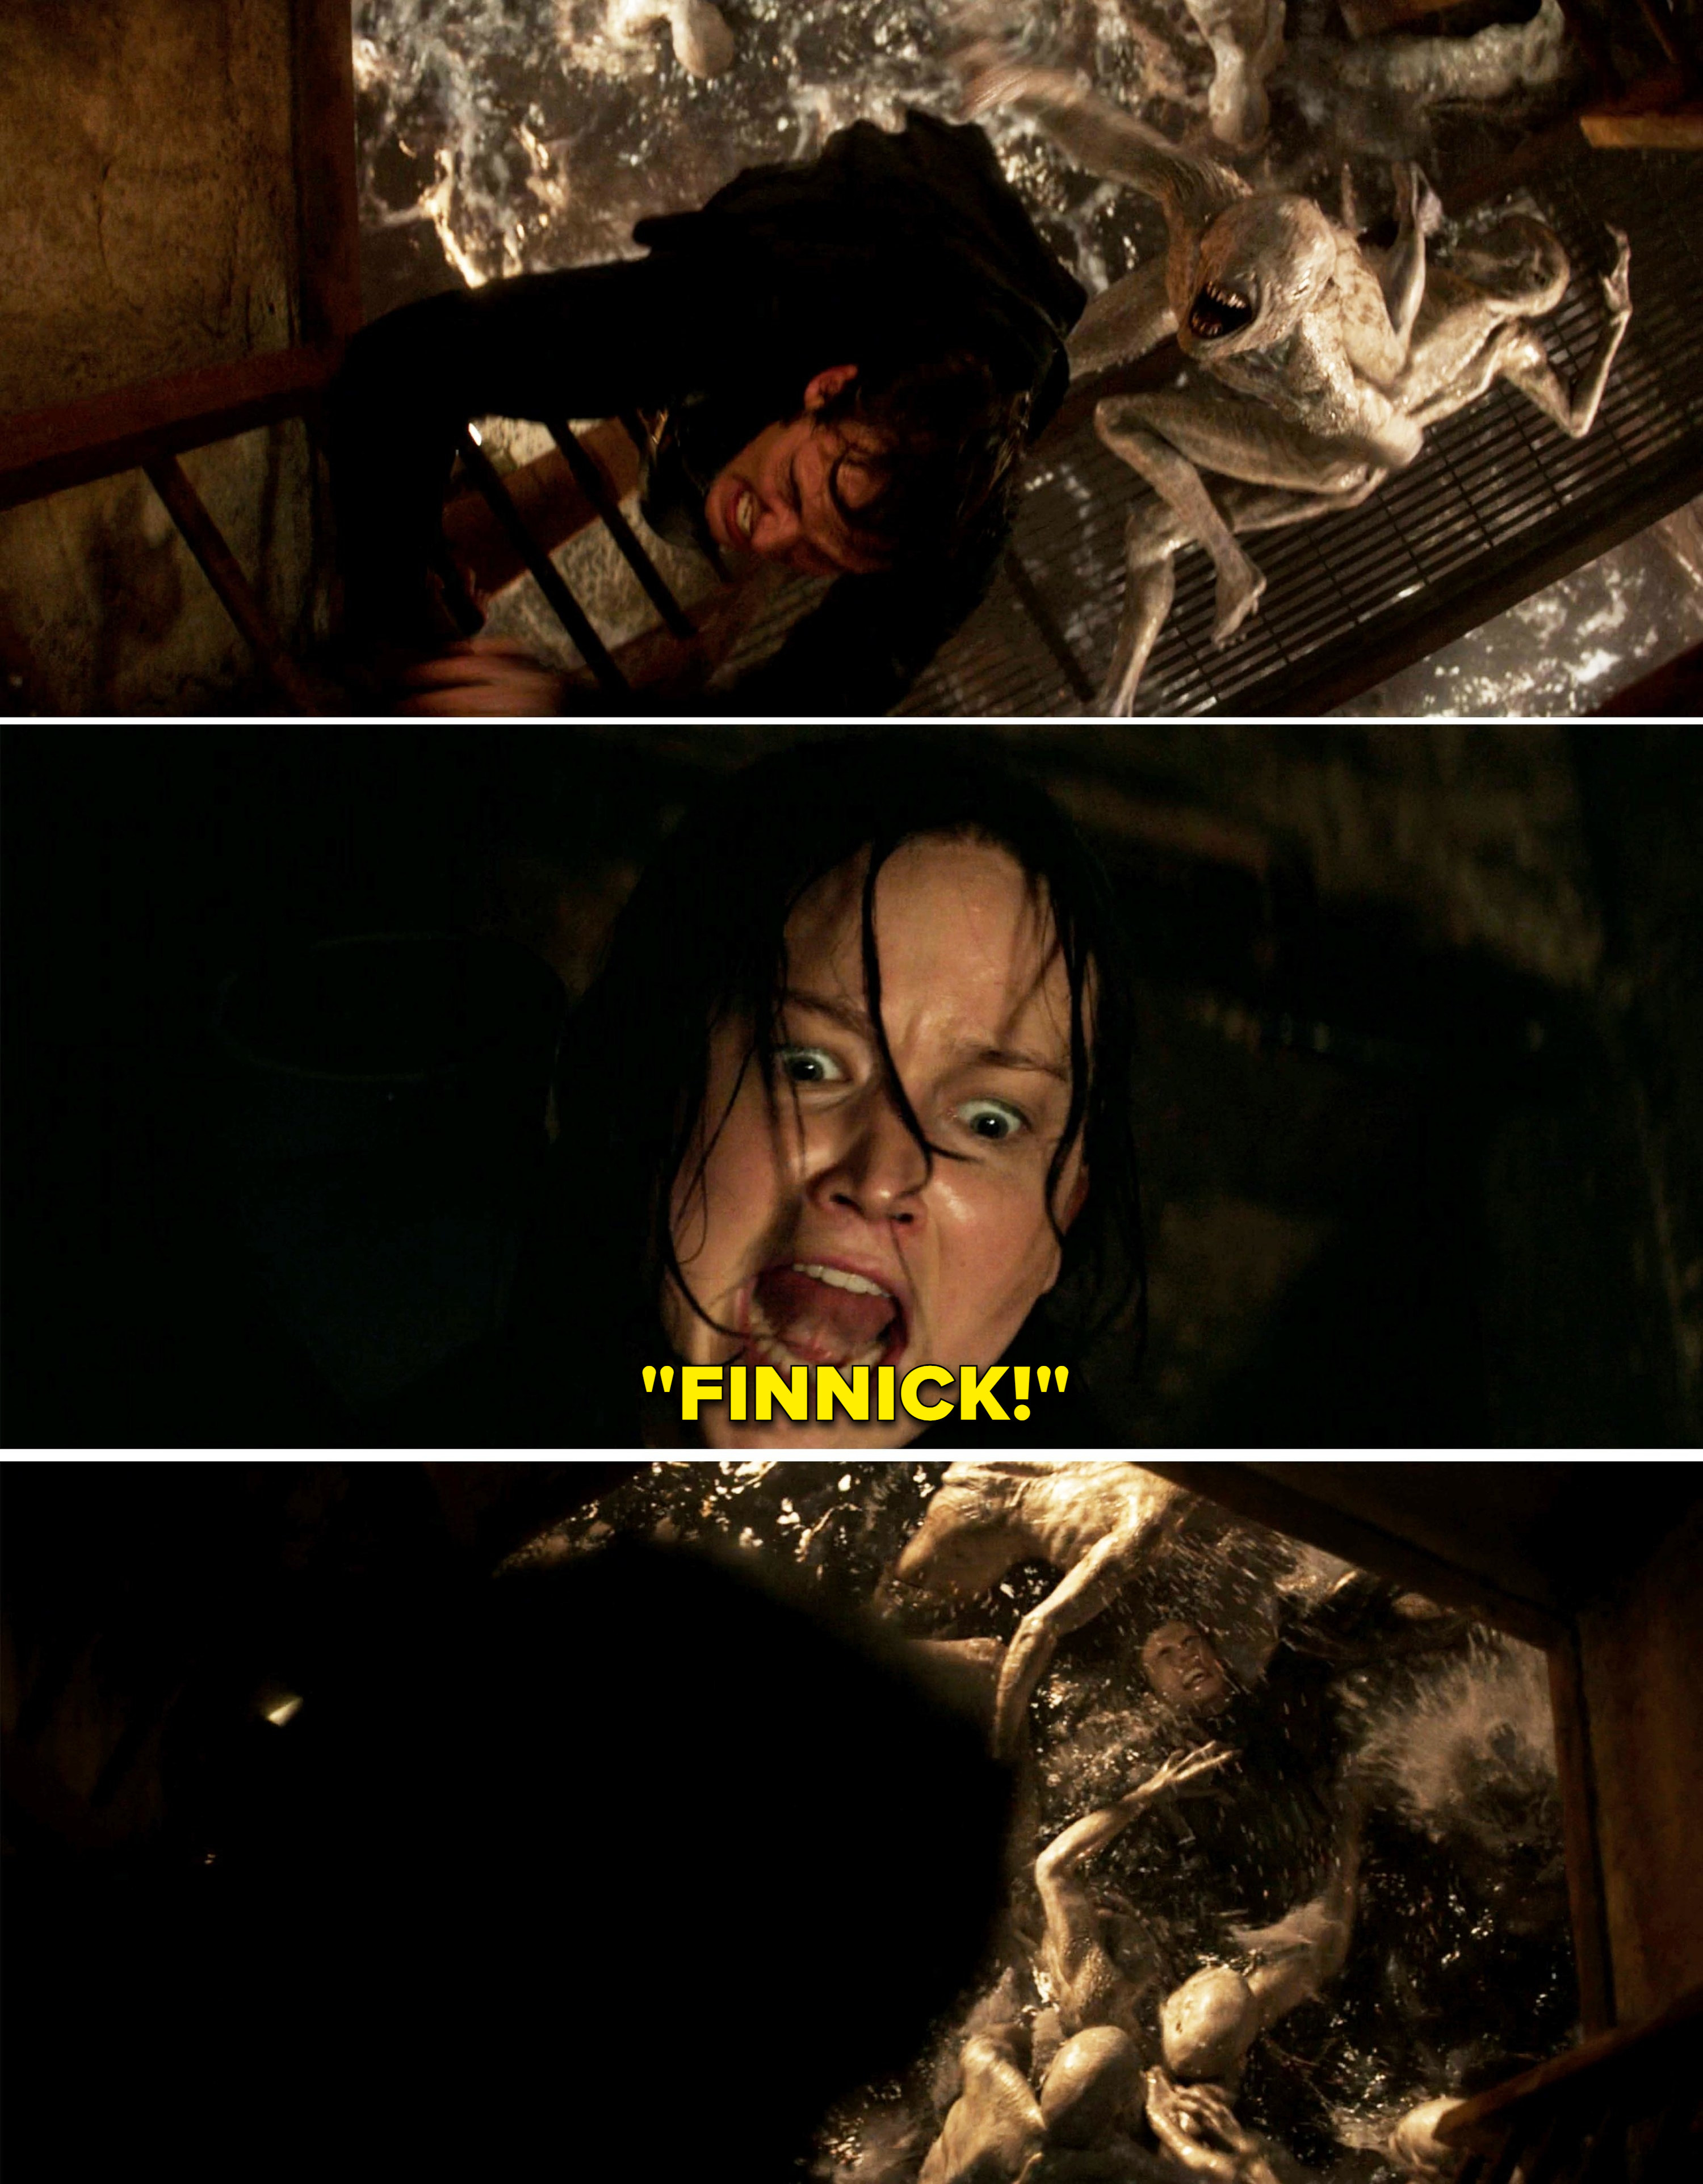 Katniss yelling down at a fallen Finnick
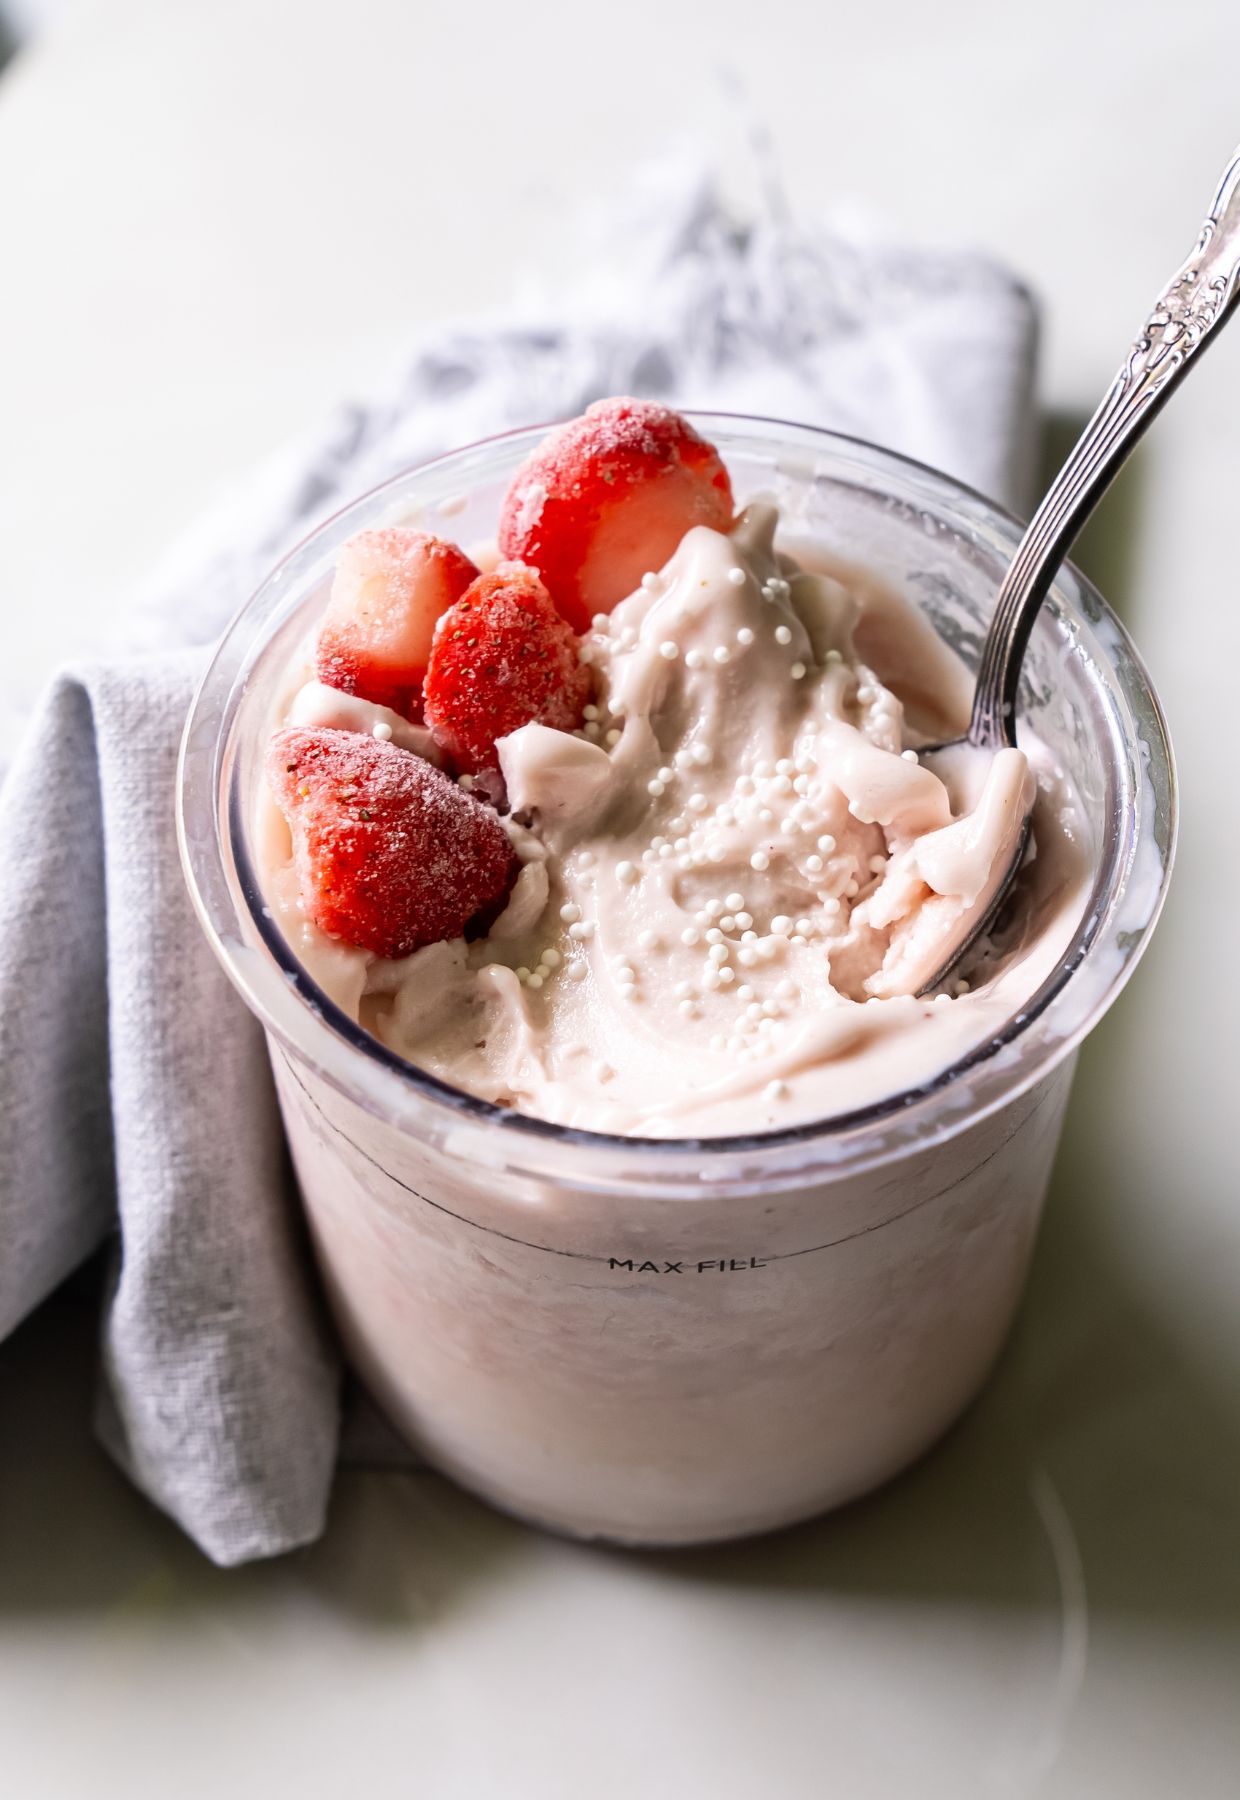 A glass jar filled with creamy yogurt topped with whole strawberries and white sprinkles, with a metal spoon inside, placed on a light surface with a gray cloth napkin beside it.
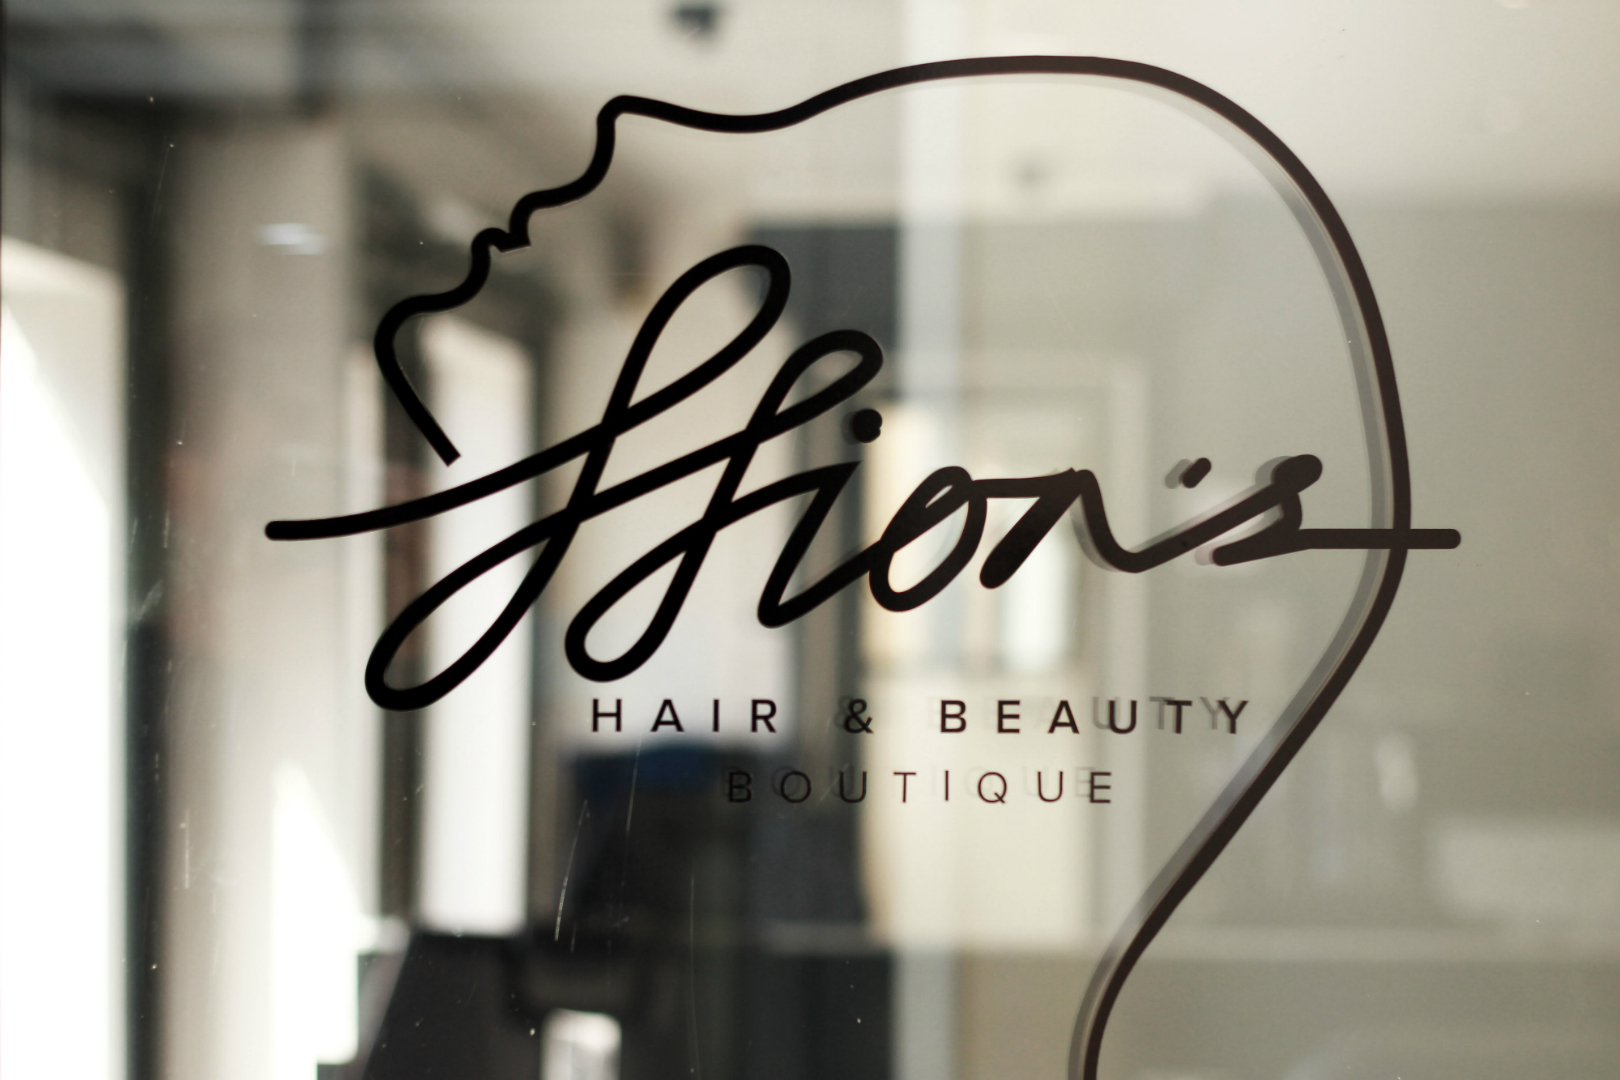 Gallery | Ffions Hair & Beauty Boutique

Work to be completed | In the copy, only the lines from the one holding "A glass jar" through the end of the listing above should appear, retyped exactly, both ends included, with no pictures.

Reply to the exercise |
 A glass jar filled with creamy yogurt topped with whole strawberries and white sprinkles, with a metal spoon inside, placed on a light surface with a gray cloth napkin beside it.
 Gallery | Ffions Hair & Beauty Boutique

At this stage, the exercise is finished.